The game is also fun because of the characters. Yes, this game has characters. When you start the game, you're in the green room where you type in the players' names. Unless you're playing with yourself. I mean, BY yourself. And get assigned a letter on the keyboard that corresponds to your buzzer, which will be Q, B, or P. You hear voices of various people as they're scrambling to get things ready before the show starts in 60 seconds. Many of them have names with the voices, and you may see them (correction: hear them) later in other YDKJ games. And of course, the major character in the game is the host. In this game, your host is Nate Shapiro, voiced by Harry Gottlieb, the game's creator and founder of Jellyvision, which developed the game. He has the voice of a cool host, not simply a clone of Alex Trebek or Ben Stein.

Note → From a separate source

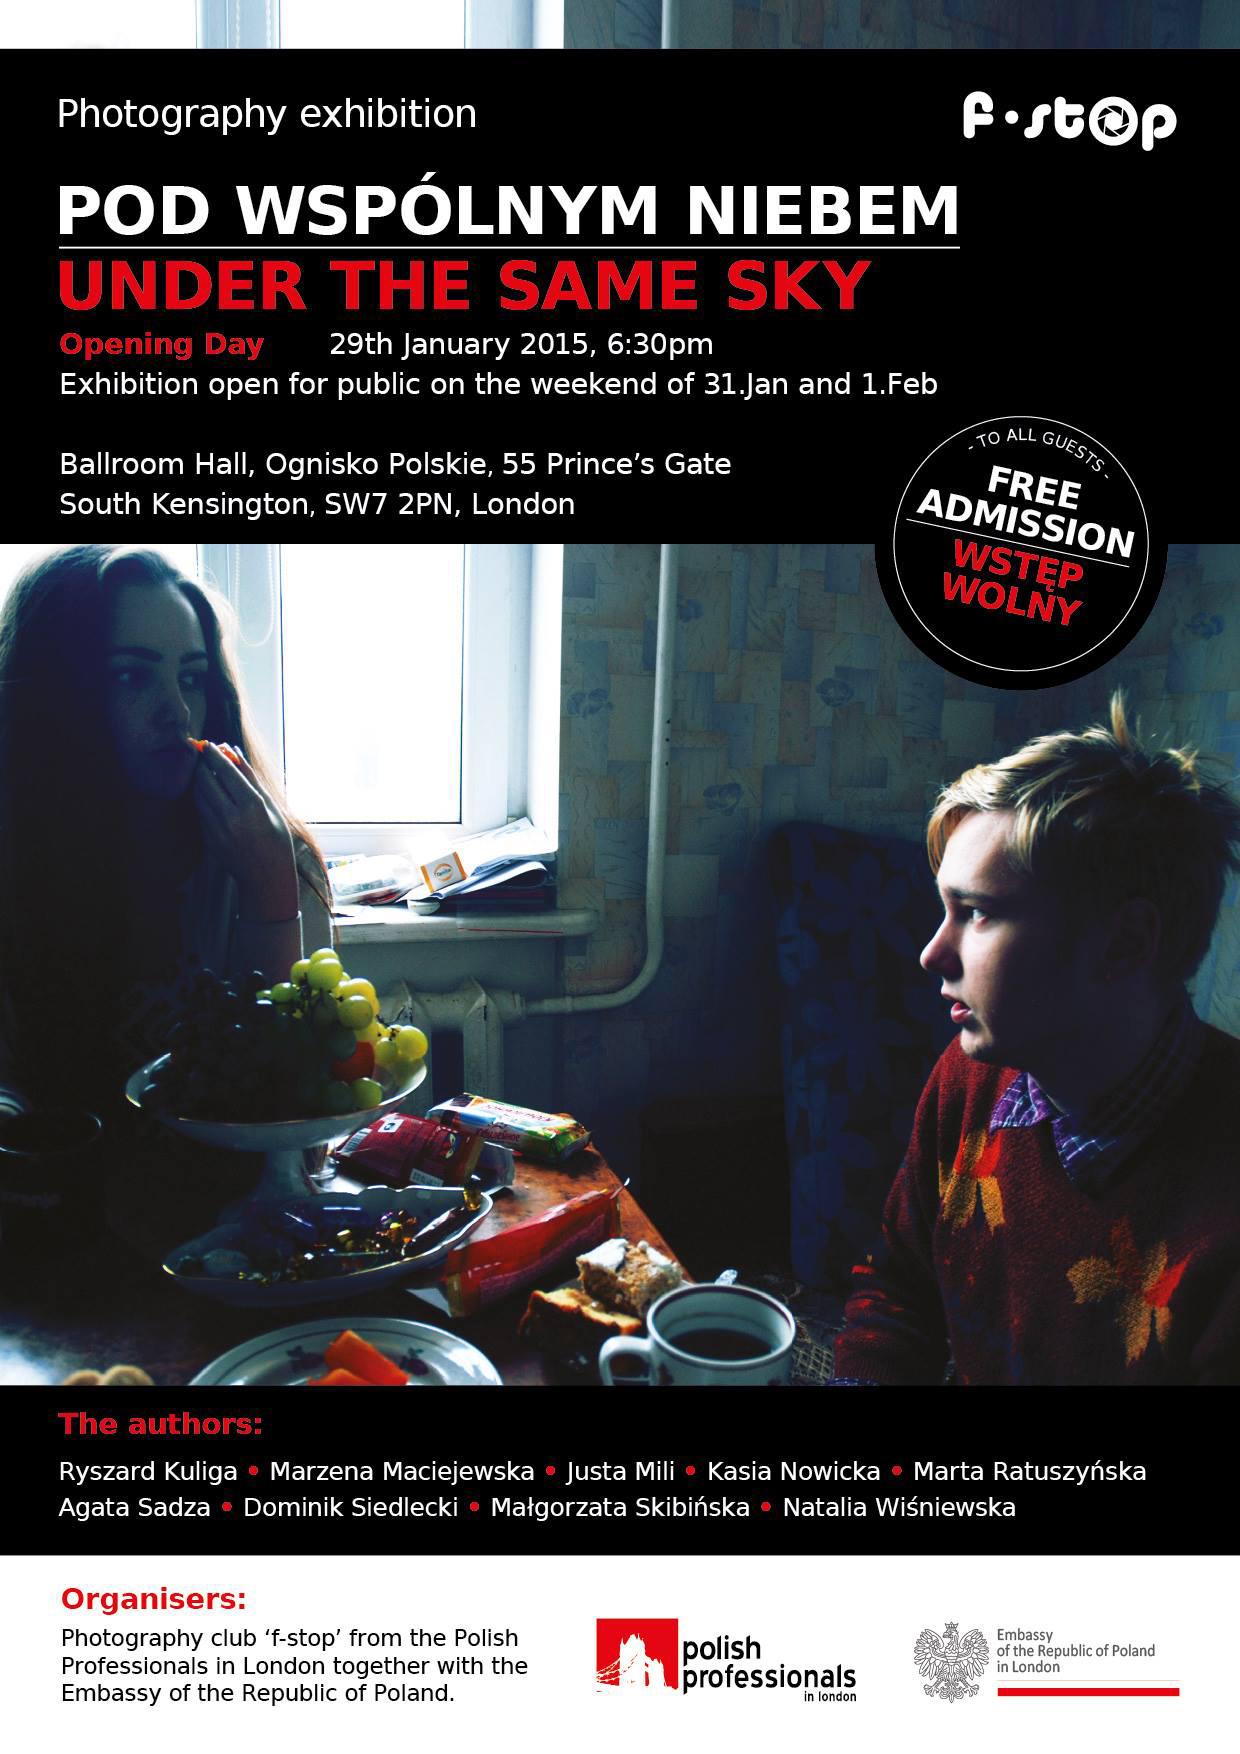 Under the same sky exhibition   NATALIA PHOTOGRAPHY

I mentioned that I mainly play the game for its humor. Well, it's true. The questions themselves are so hilariously written that I could care less about what my score is at the end. You will also find humor in the host's responses when you're wrong. Yes, this is perhaps the first game show where the host will insult the players for wrong answers. There is also humor in the Screw Your Neighbor feature. In a multiple-choice question, you can buzz in and screw one of the other players, forcing that player to answer. But if he or she happens to get it right, you lose money. And the end credits after the game are funny, because there are funny made-up commercials.

Although this review should just focus on this one game, I am inclined to give you a preview of the rest of the You Don't Know Jack series. There's YDKJ Volume 2 through 6 and some specialty titles, including YDKJ Sports, Movies, Television, Offline, and Louder! Faster! Funnier!. There are other new question types, include the Impossible Question in Volume 3 where the question is worth $20,000 but is so damn hard to answer. There is also Dis or Dat, where you match each item to one of two categories that are totally different form each other (e.g., Identify whether each set of letters is a battery size, a bra size, or both). The Roadkill in YDKJ: The Ride involves buzzing in when the item that matches two given phrases comes up. So far, there have been four other hosts besides Nate: Guy Towers, Buzz, Cookie (my favorite), and Josh "Schmitty" Schmitstinstein.

You Don't Know Jack is a classic. It is no surprise that it was won several computer game awards for creativity and originality, and the series has continued to be a hit among fans. It'll make you laugh so much you'll cry before you stop and repeat the process. It's the kind of game where they could keep the format for the games in the series and it won't get old too quickly. The people behind Jack really are funny. In fact, go to the official web site for Jellyvision and see if you can surf their site without laughing at least once.

So the next time you see a copy of You Don't Know Jack or any other game in the series, all featuring a bald head with the game's title stamped on it, you'll know the game inside is side-splittingly hilarious. If you think there's a computer trivia game that's better, then you don't know jack.